To: "MG List" <mgs@Autox.Team.Net>
Subject: Jokes: Ole Sayings.....
From: Larry Macy <macy@bblmail.psycha.upenn.edu>
Date: Fri, 17 Jul 1998 08:50:05 -0400
I liked the first one and some of the others.
Enjoy

Larry Macy
78 Midget

The journey of a thousand miles begins with a broken fan belt and a leaky
tire.

People who live in glass houses shouldn't cavort nude on top of the piano
doing gorilla impersonations.

A rose by any other name would stick you just as bad and draw just as
much
blood when you grab a thorn.

It takes fewer muscles to smile than to frown, and fewer still to ignore
someone completely.

The best laid plans of mice and men are worth just as much.

I believe no problem is so large or so difficult that it can't be blamed
on
somebody else.

I believe for every drop of rain that falls, a flower grows. And a
foundation leaks and a ball game gets rained out and a car rusts and...

Follow your dream! Unless it's the one where you're at work in your
underwear during a fire drill.

Always take time to stop and smell the roses... and sooner or later,
you'll
inhale a bee.

Do not walk behind me, for I may not lead. Do not walk ahead of me, for I
may not follow.  Do not walk beside me, either, just leave me alone.
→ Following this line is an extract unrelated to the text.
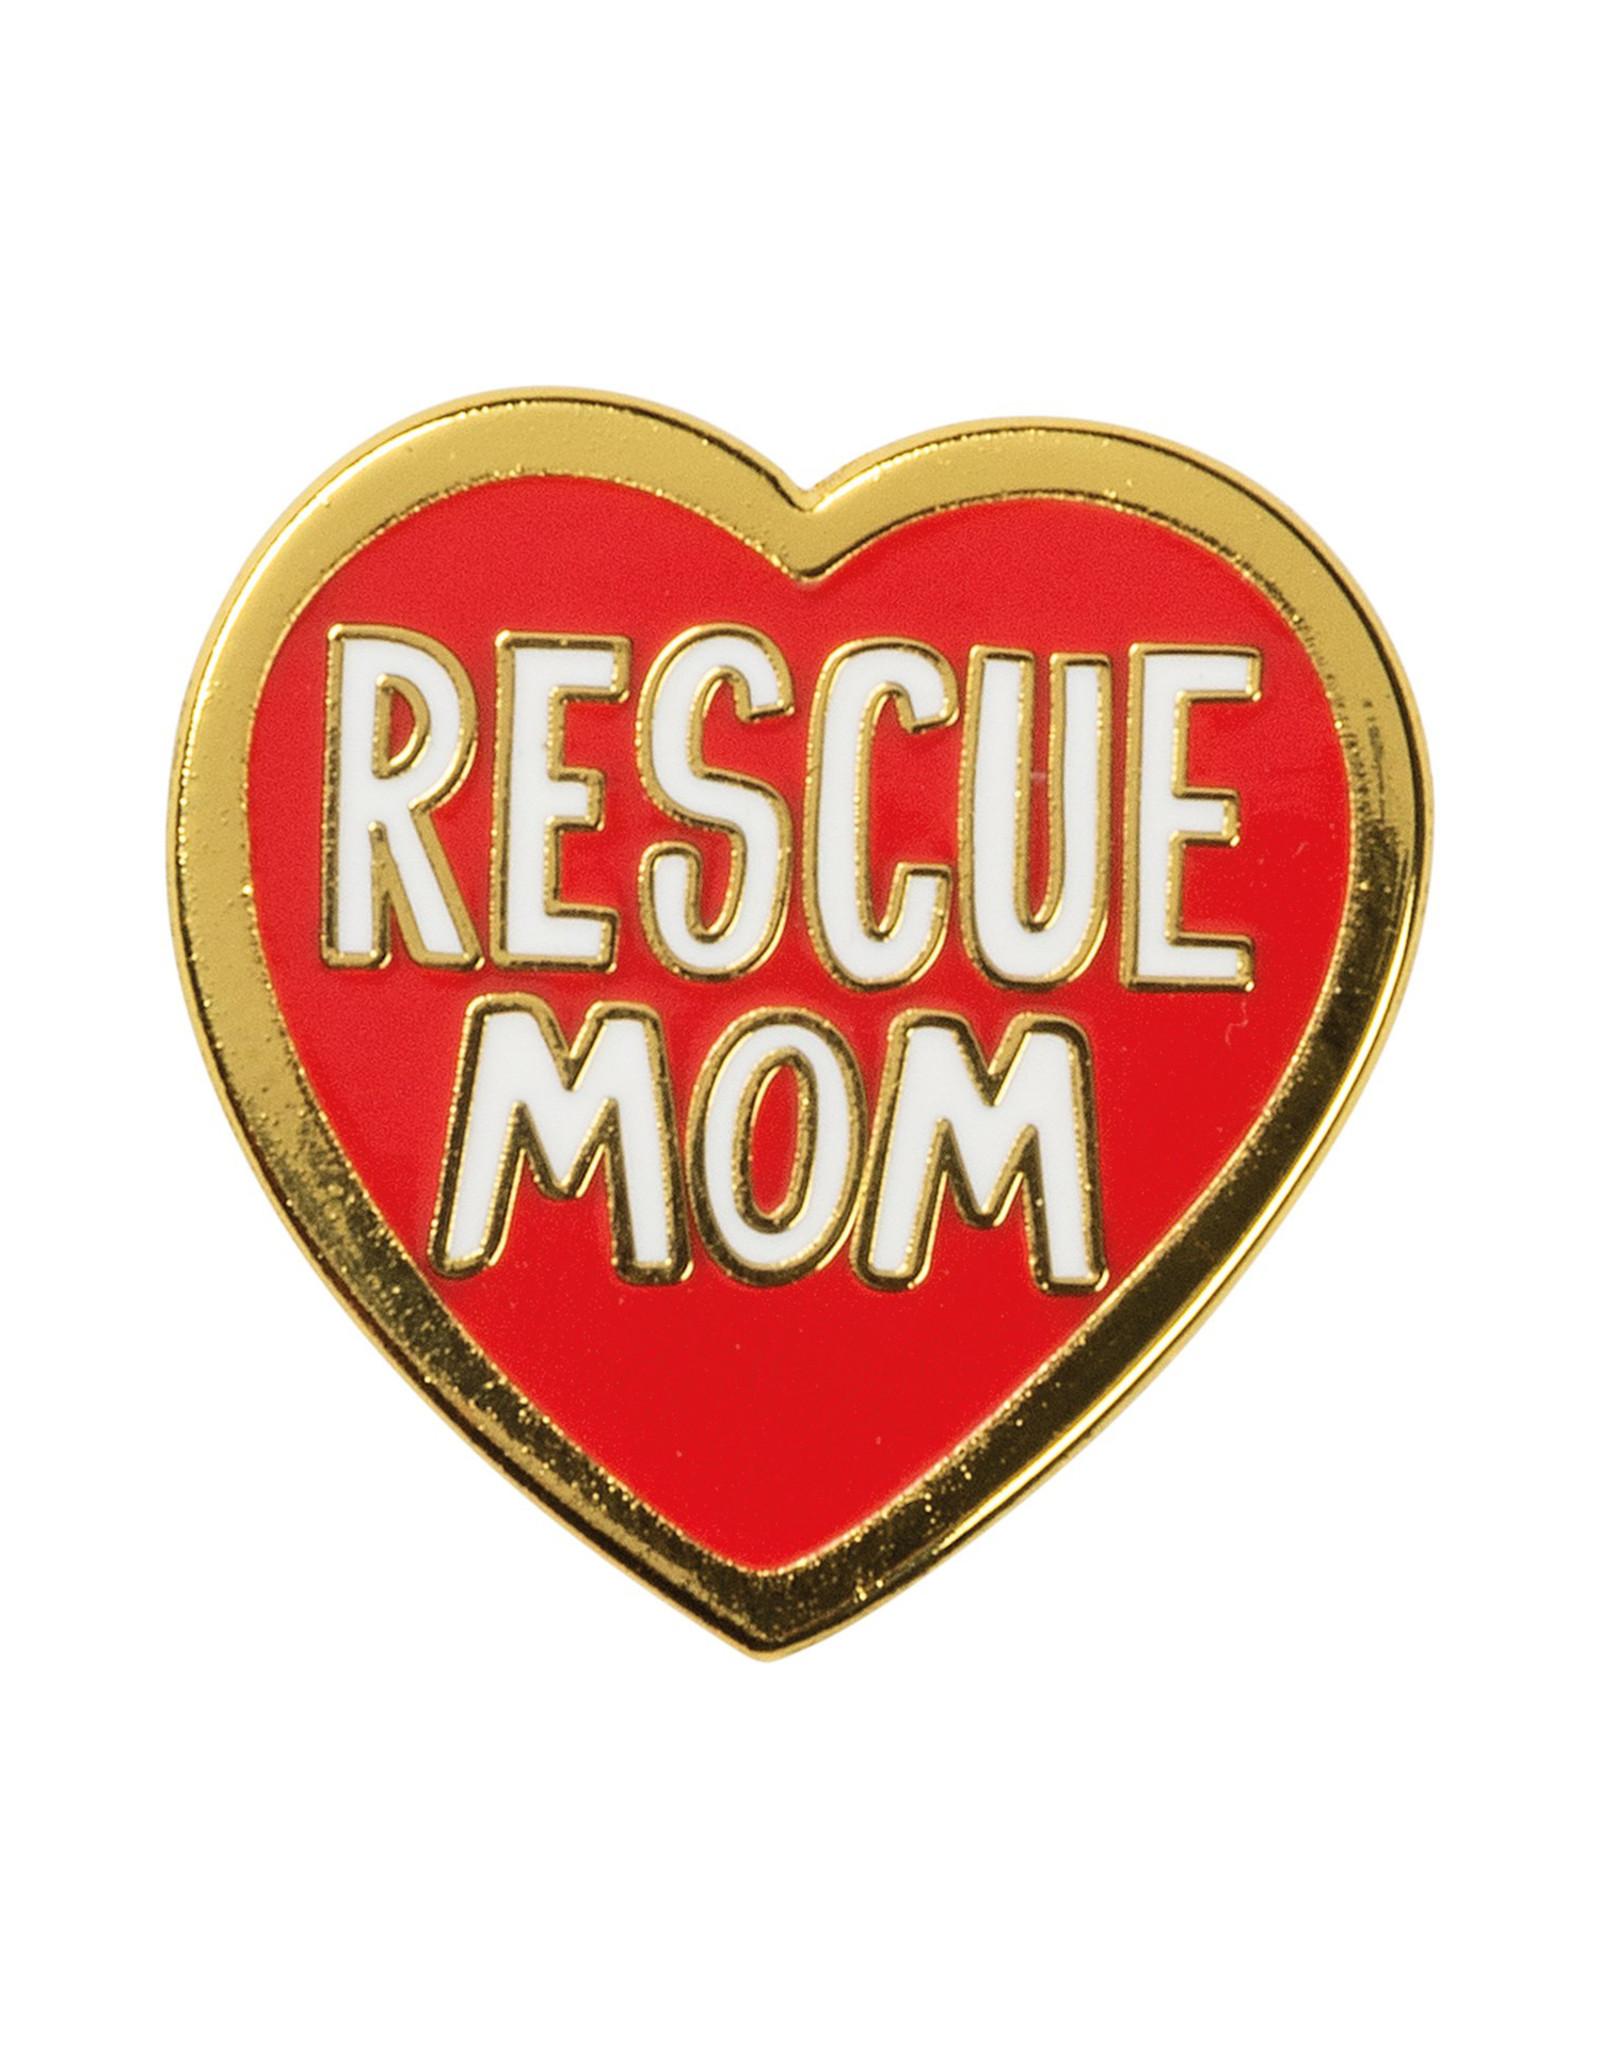 Rescue Mom Enamel Pin

If you don't like my driving, don't call anyone. Just take another road.
That's why the highway department made so many of them.
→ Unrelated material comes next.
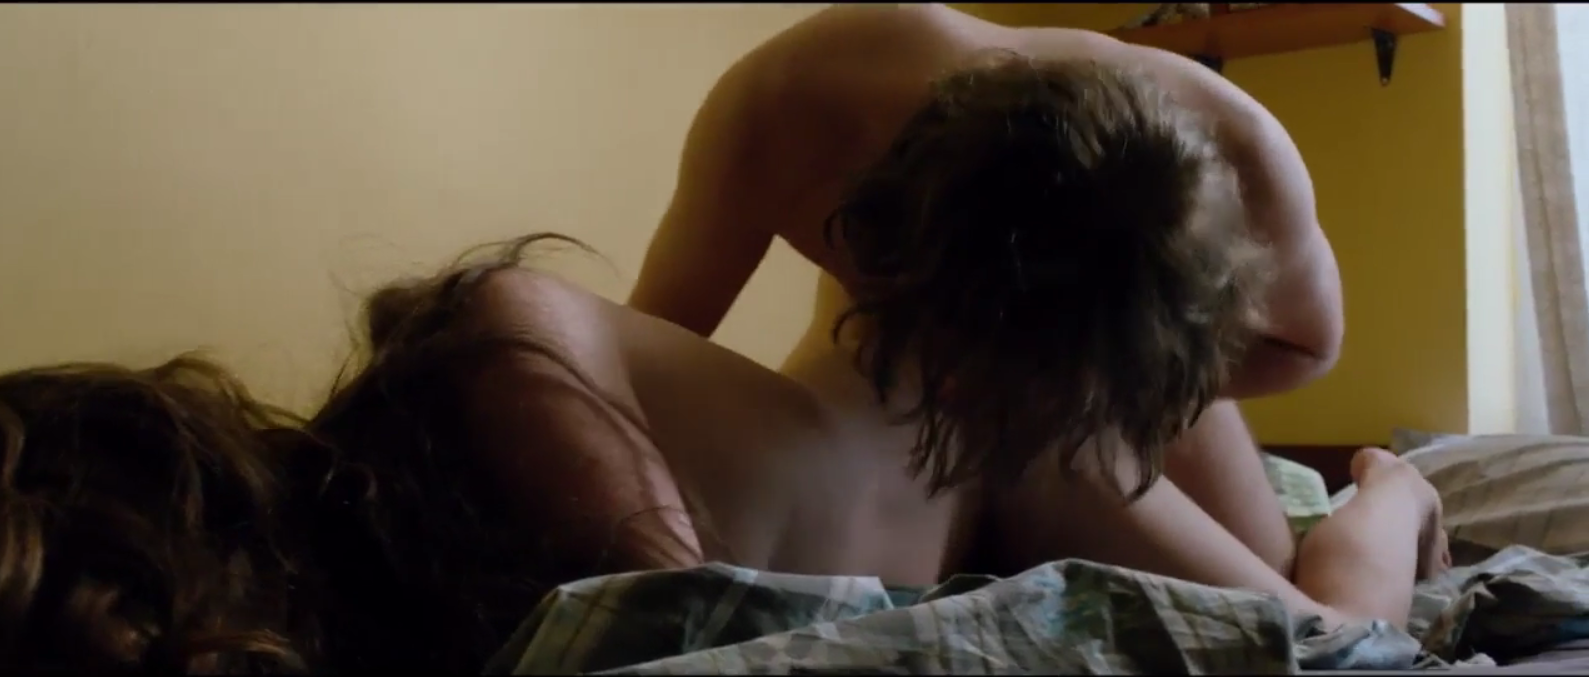 Diana Sex Video 63

If a motorist cuts you off, just turn the other cheek. Nothing gets the
message across like a good mooning.

It's always darkest before dawn.  So if you're going to steal the
neighbor's
newspaper, that's the time to do it.

A handy telephone tip:  Keep a small chalkboard near the phone. That way,
when a salesman calls, you can hold the receiver up to it and run your
fingernails across it until he hangs up.

Each day I try to enjoy something from each of the four food groups: the
bonbon group, the salty-snack group, the caffeine group, and the
"whatever-the-thing-in-the-tinfoil-in-the-back-of-the-fridge-is" group.

Into every life some rain must fall.  Usually when your car windows are
down.

How much of a tip to leave in a restaurant is always a controversial
question.  I usually recommend half a crouton, or for special service,
throw
in that little sprig of parsley.

If genius is one percent inspiration and 99 percent perspiration, I wind
up
sharing elevators with a lot of bright people.

Men are like small children.  You bring a new one home and the ones
already
there resent it.

This morning I woke up to the unmistakable scent of pigs in a blanket.
That's the price you pay for letting the relatives stay over.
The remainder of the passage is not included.